Bug 48510 - Does not vectorize loops involving casts from floating point to unsigned integer types
Summary: Does not vectorize loops involving casts from floating point to unsigned inte...
Status: NEW
Alias: None
Product: gcc
Classification: Unclassified
Component: target (show other bugs)
Version: 4.5.2
: P3 enhancement
Target Milestone: ---
Assignee: Not yet assigned to anyone
URL:
Keywords: missed-optimization
Depends on:
Blocks: vectorizer
  Show dependency treegraph
 
Reported: 2011-04-08 07:00 UTC by jeremysalwen
Modified: 2021-08-24 23:06 UTC (History)
0 users

See Also:
Host:
Target: x86_64-*-*, i?86-*-*
Build:
Known to work:
Known to fail:
Last reconfirmed: 2021-08-24 00:00:00


Attachments

Note You need to log in before you can comment on or make changes to this bug.
Description jeremysalwen 2011-04-08 07:00:43 UTC
The following code vectorizes with the command line options:

-march=native -mtune=native -ftree-vectorizer-verbose=12 -O3 -std=c99 -ffast-math -funsafe-math-optimizations -lm  main.c

#include <stdio.h>
#include <math.h>
int main() {
  double g[1000];
  for(int i=0; i<1000; i++) {
    g[i]=2*(g[i]);
  }
  for(int i=0; i<1000; i++) {
   printf("%f\n",g[i]);
  }
}

but the following code does not with the same options:


#include <stdio.h>
#include <math.h>
int main() {
  double g[1000];
  for(int i=0; i<1000; i++) {
    g[i]=2*((unsigned long)g[i]);
  }
  for(int i=0; i<1000; i++) {
   printf("%f\n",g[i]);
  }
}

If I understand correctly, there are SSE instructions for casting doubles to long integers on the platform I'm on (Intel Atom) which GCC could use.  (or perhaps there could be a benefit to vectorizing other parts of the loop, even if the cast does not utilize SIMD instructions.)
Comment 1 Richard Biener 2011-04-08 10:02:15 UTC
There are no conversions to unsigned.  For scalar code we work around this
by biasing the input/output, but there is no vectorized version for this
available (yet).
Comment 2 jeremysalwen 2011-04-08 17:43:25 UTC
As you mentioned, unsigned conversions to int and long int both fail to vectorize.  However, signed conversions to long int still fail, while they succeed for signed conversions to int.

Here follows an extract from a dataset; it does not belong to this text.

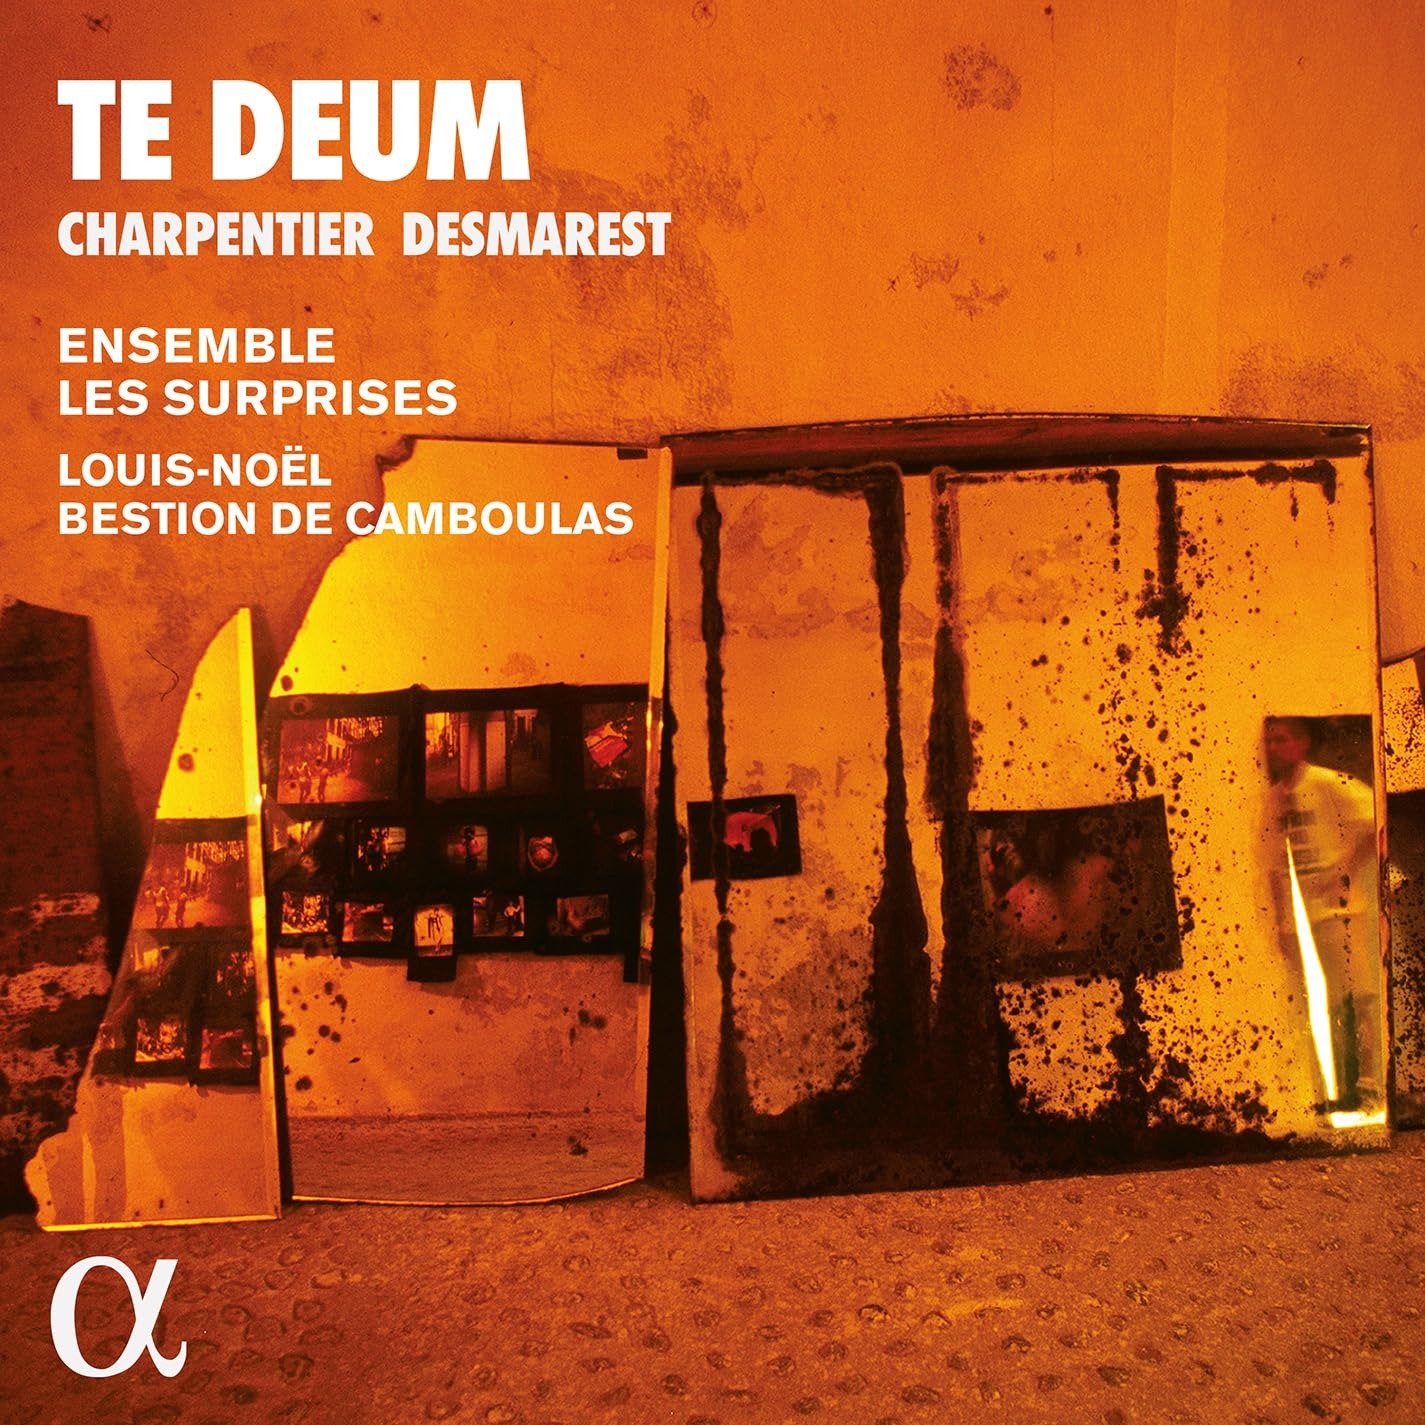 CD Shop - ENSEMBLE LES SURPRISES CHARPENTIER & DESMAREST: TE DEUM

I should note that the computer I ran these last tests on is a Phenom II.

Apologies if I'm mistaken, but I believe the intrinsic

__builtin_ia32_cvttsd2si64

should do the conversion to a signed long on my platform.
Comment 3 Richard Biener 2012-07-13 08:42:23 UTC
Link to vectorizer missed-optimization meta-bug.
Comment 4 Richard Biener 2012-07-19 10:57:07 UTC
We can now vectorize the conversion to unsigned int, it is not possible to
directly convert from double to unsigned long as far as I can see - only
cvttpd2dq exists which is a signed conversion.  Biasing the input value
from [0, ULONG_MAX] to [-LONG_MIN, LONG_MAX] is not possible because of
the different truncation behavior for signed/unsigned values.

As a side-note, C specifies that float -> unsigned integer truncation
only has defined behavior for inputs in the range (-1, Utype_MAX+1).

ICC seems to use some clever range-dependent operations, finally mixing
three cases together with bitwise operations.